Agentic AI Testing & Evaluation: A Complete Developer Guide for 2026

Testing AI agents is fundamentally different from testing deterministic software. Your agent's output changes with every run, tools can fail mid-chain, and a hallucination 3 steps deep can corrupt an entire workflow. This guide gives you a battle-tested testing pyramid — from fast mock-LLM unit tests to production monitoring — so you can ship AI agents with the same confidence you ship any other system.

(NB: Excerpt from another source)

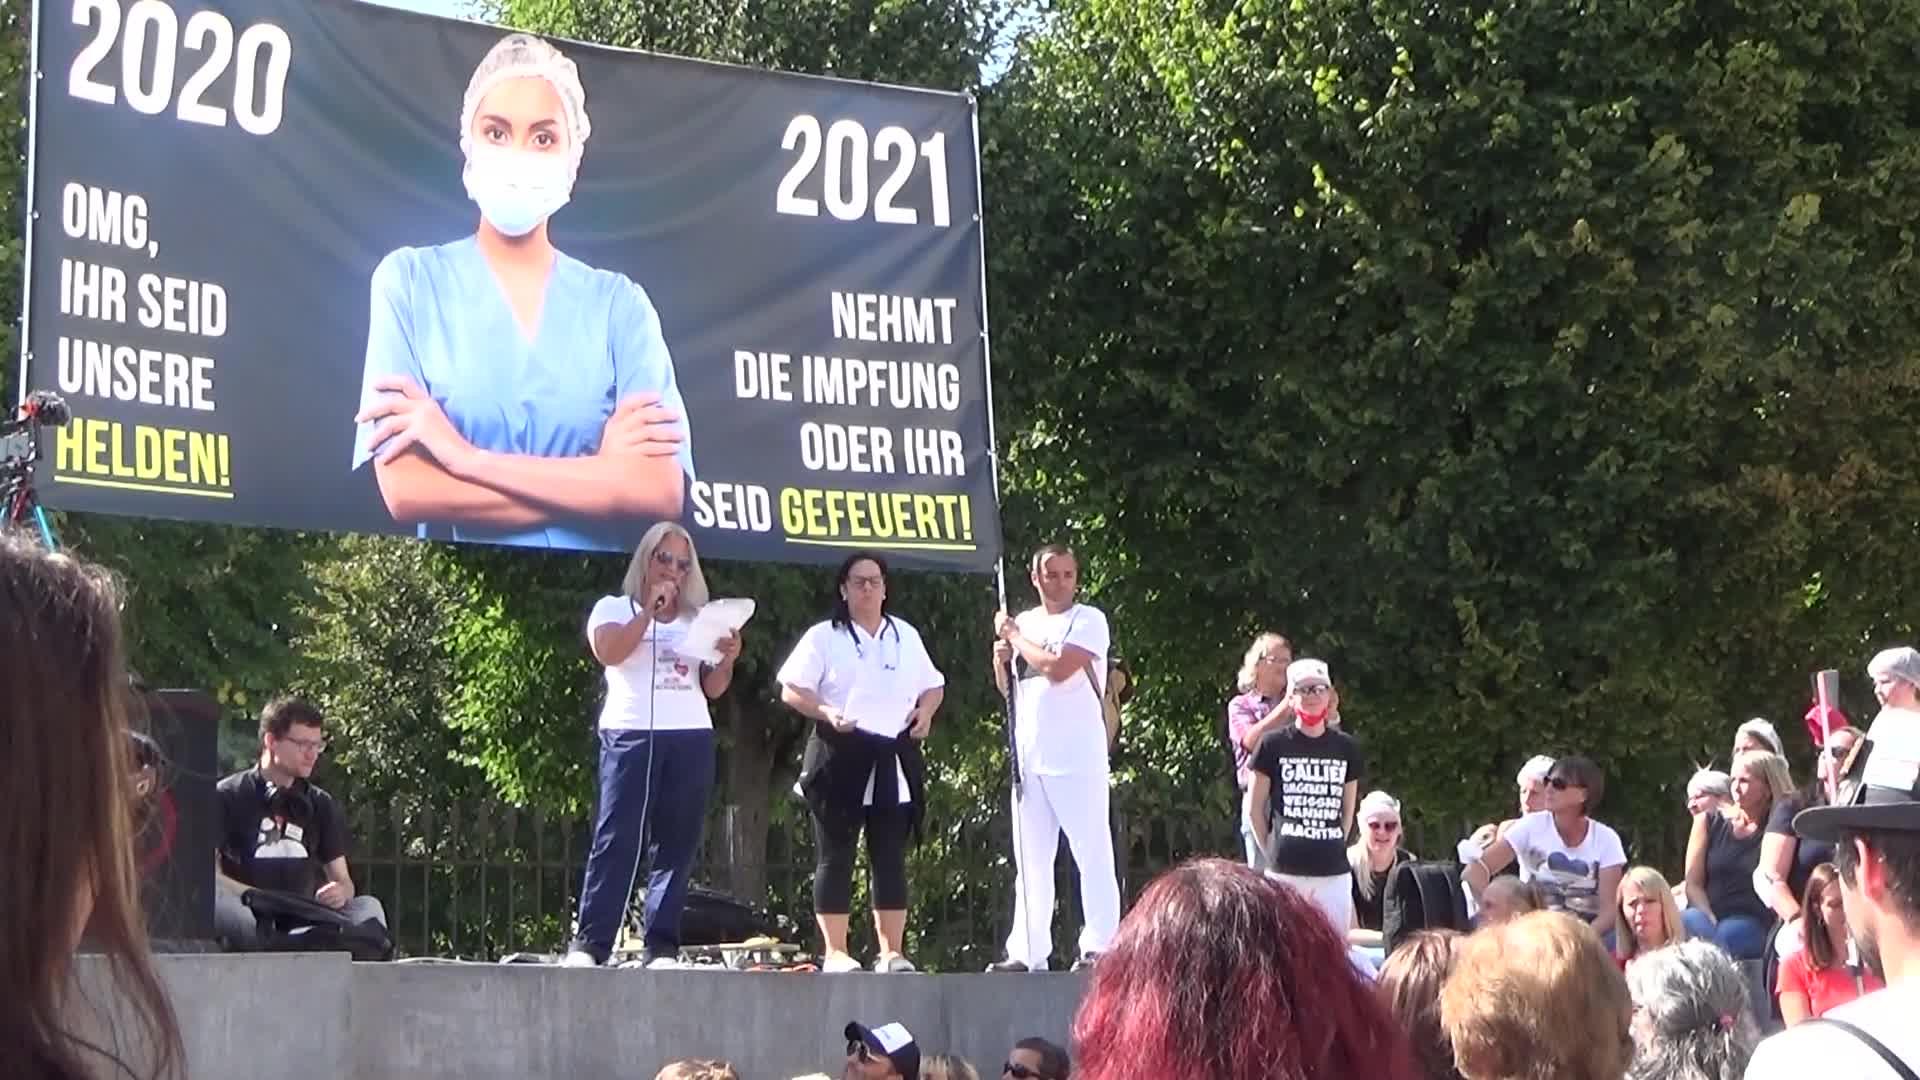 Impfzwang Muss das medizinische Personal erst die Arbeit niederlegen? 11.9.21 Wien Mediziner Demo

Md Sanwar Hossain April 6, 2026 20 min read AI Agent Evaluation
Agentic AI testing and evaluation framework for developers 2026

TL;DR — The Testing Hierarchy

"Start with golden dataset regression tests for every agent feature. Add LLM-as-judge evaluation for open-ended outputs. Track per-tool accuracy, chain success rates, and hallucination rates in CI/CD to catch regressions before they reach production."

Table of Contents

  1. Why Testing AI Agents Is Different
  2. Unit Testing AI Agents with Mock LLMs
  3. Integration Testing Agent Tool Calls
  4. Golden Datasets & Regression Testing
  5. LLM-as-Judge Evaluation
  6. RAGAS Metrics for RAG-Based Agents
  7. Simulation & Adversarial Testing
  8. Evaluation Frameworks Compared
  9. Integrating Evals into CI/CD Pipelines
  10. Monitoring Agent Quality in Production

1. Why Testing AI Agents Is Different

Traditional software testing operates on deterministic input/output contracts. You assert assertEquals("Alice", user.getName()) and it either passes or fails, every single time. AI agents break this contract in four fundamental ways:

These constraints demand a layered testing strategy. The AI agent testing pyramid has three tiers: fast and cheap unit tests at the base, integration tests in the middle, and expensive eval runs at the top — run less frequently but with higher coverage of semantic quality.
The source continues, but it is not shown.